» **Material provided**
= = = =

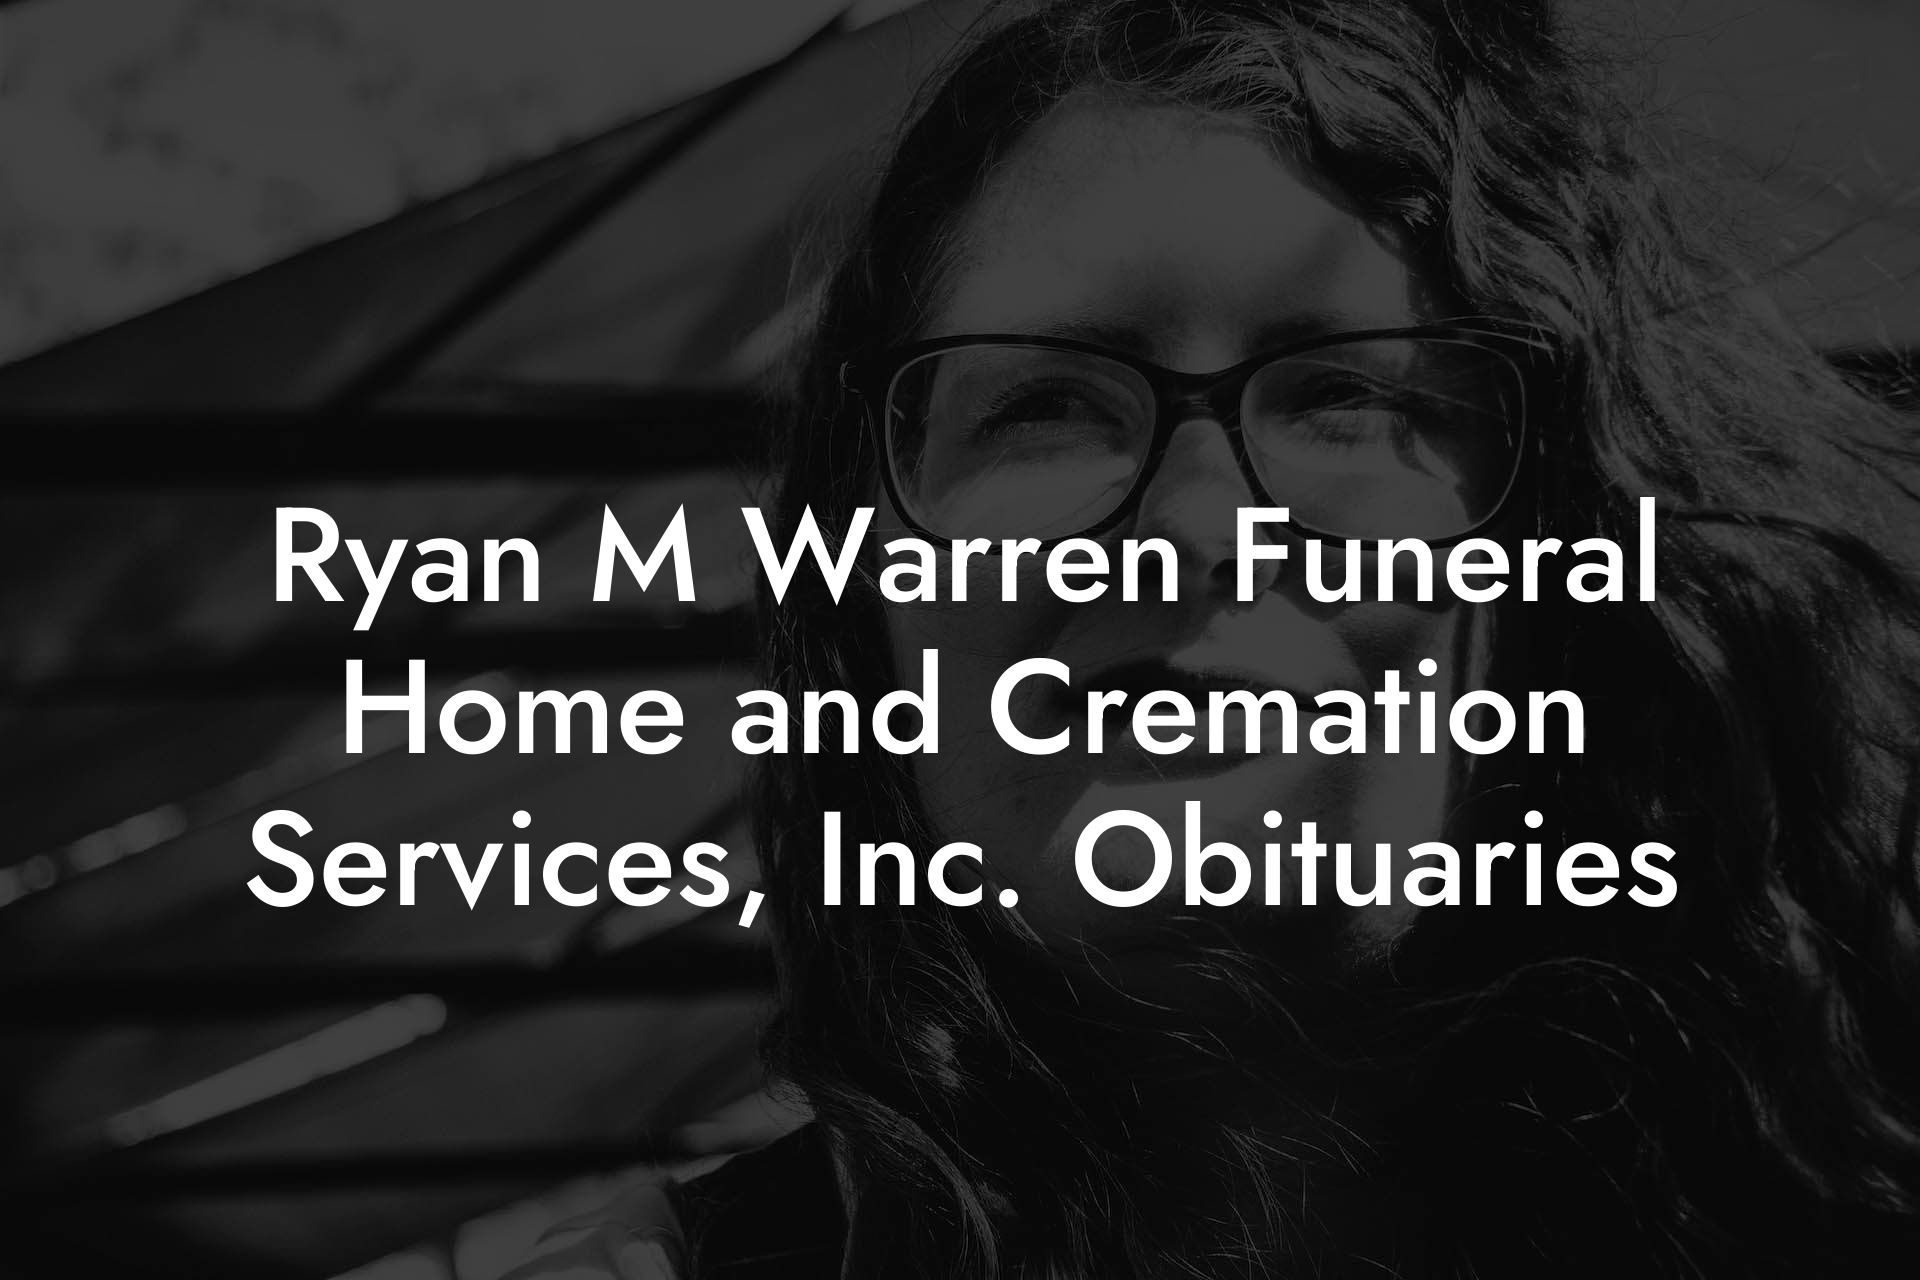 Ryan M Warren Funeral Home and Cremation Services, Inc. Obituaries
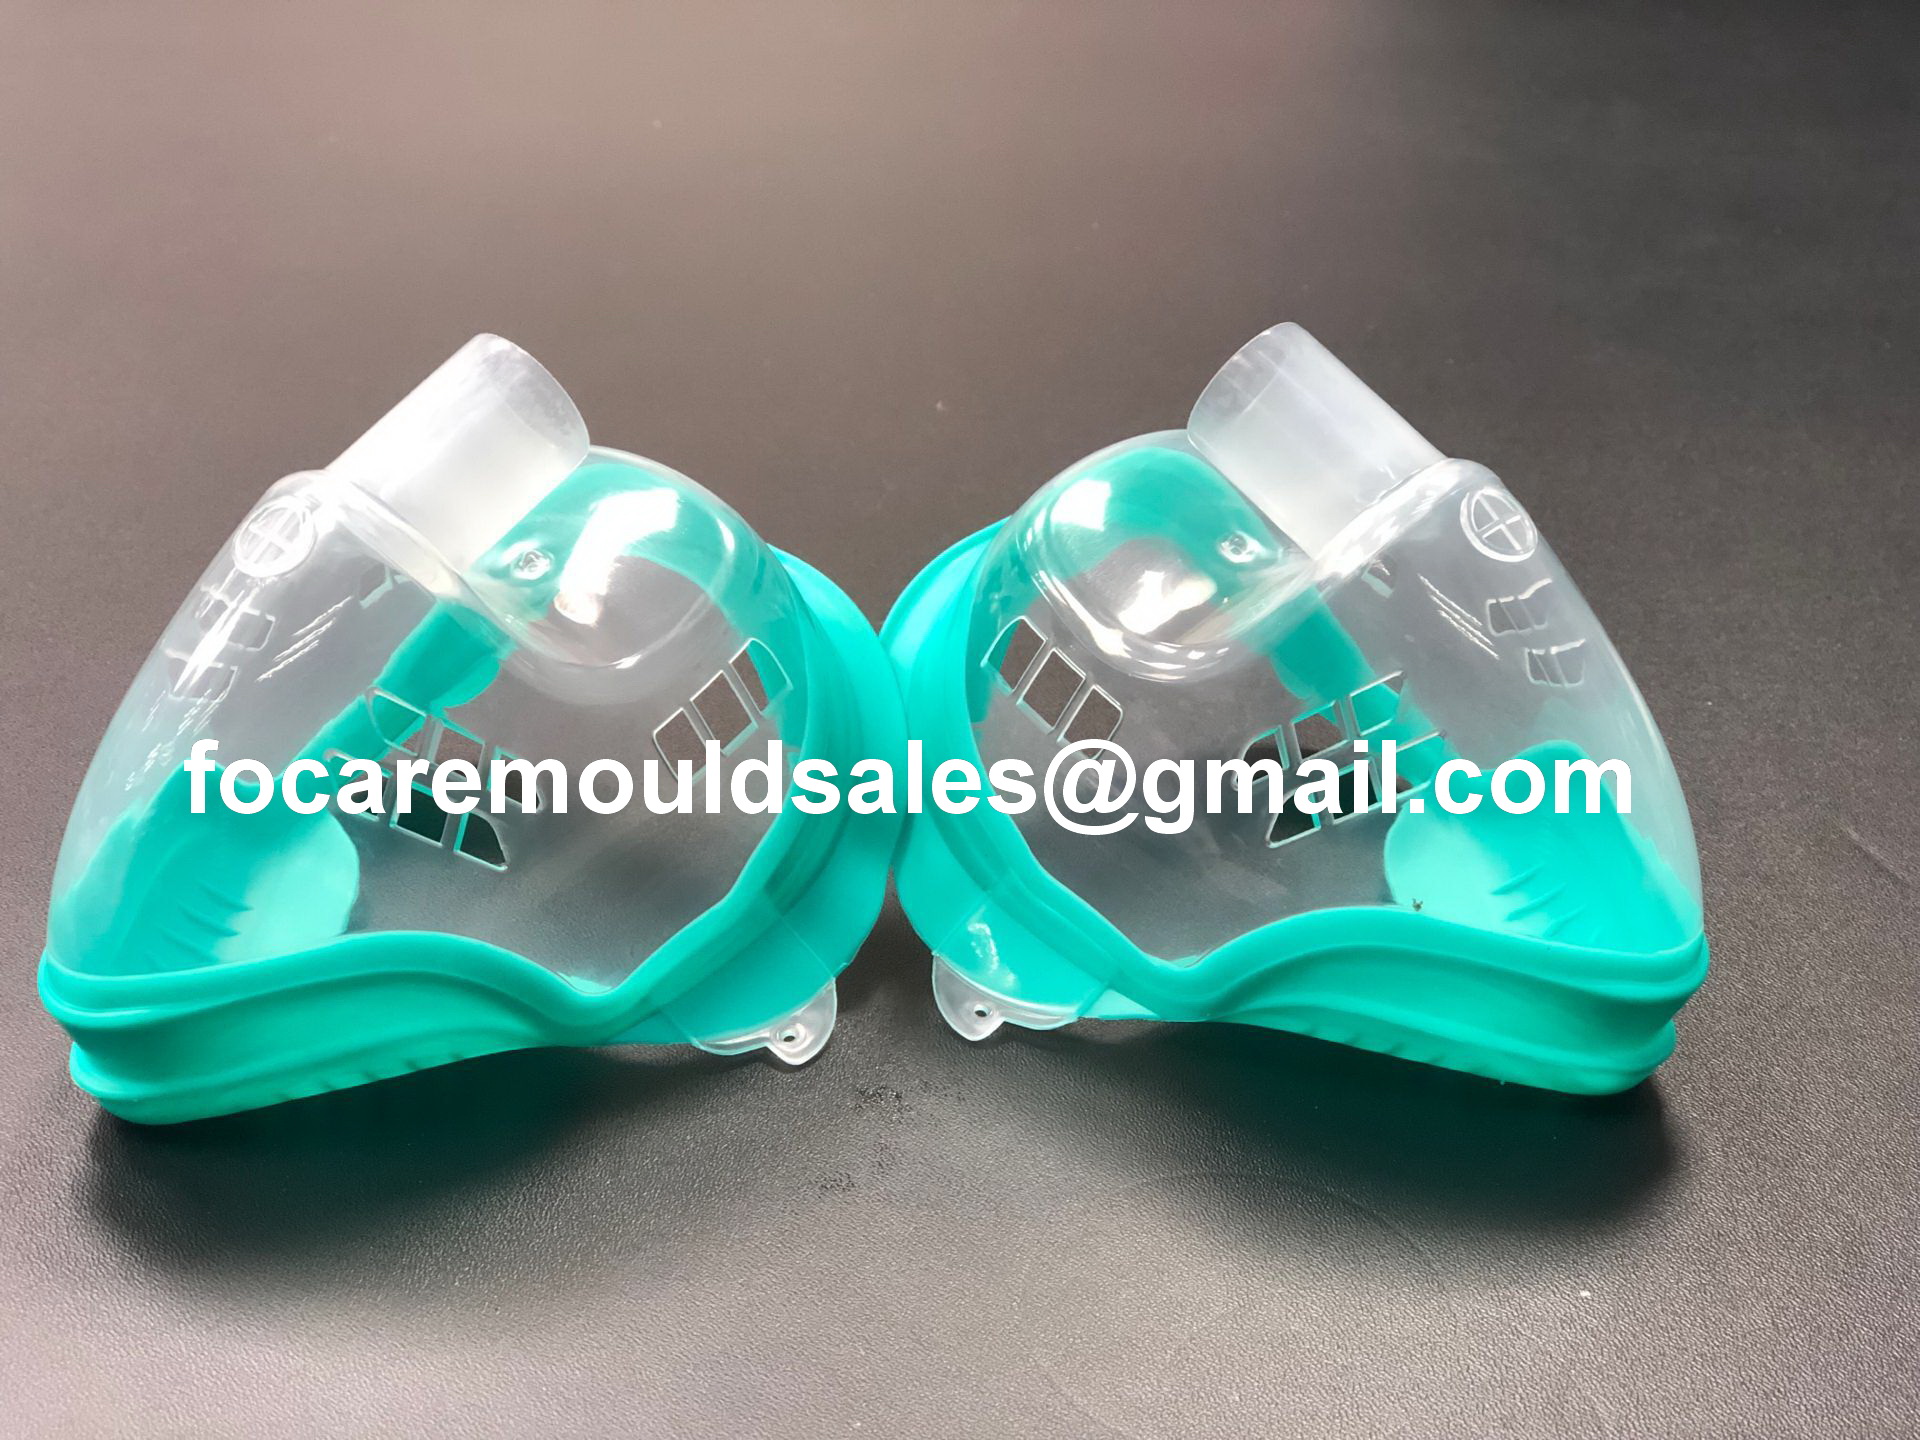 Two-color oxygen mask mold
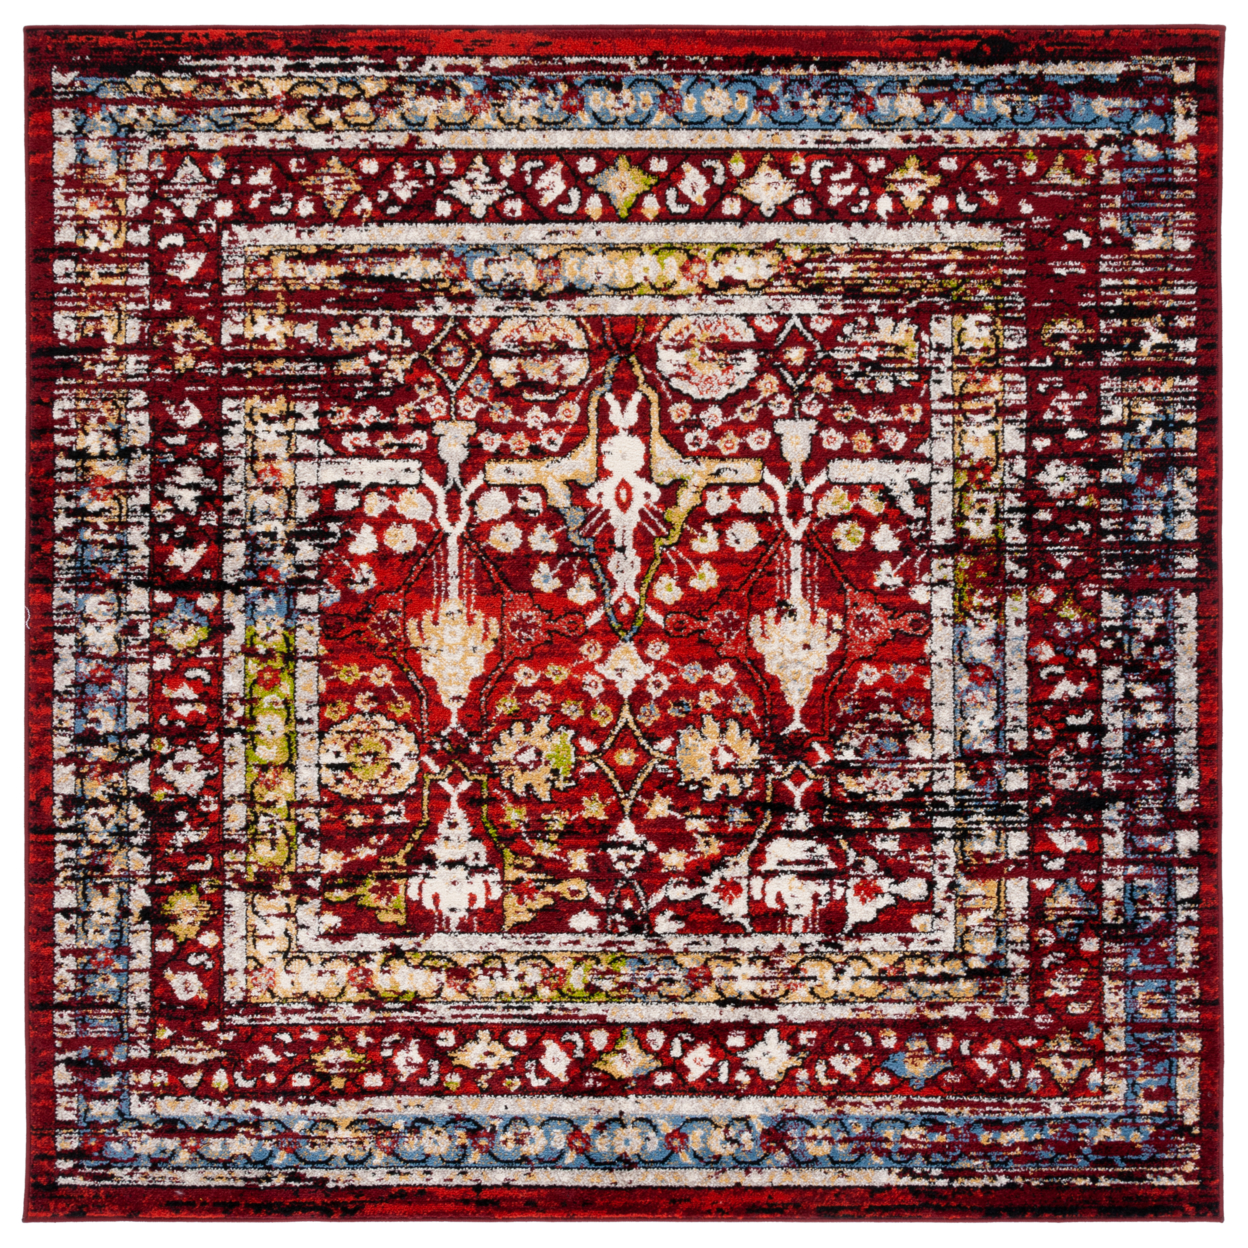 SAFAVIEH Amsterdam Collection AMS177Q Red Rug - 6' 7 Square

= = = =

» **Problem description**
Omit every picture, then reproduce the rest of the listing exactly.

» **Solution below**
 Ryan M Warren Funeral Home and Cremation Services, Inc. Obituaries
 Two-color oxygen mask mold
 SAFAVIEH Amsterdam Collection AMS177Q Red Rug - 6' 7 Square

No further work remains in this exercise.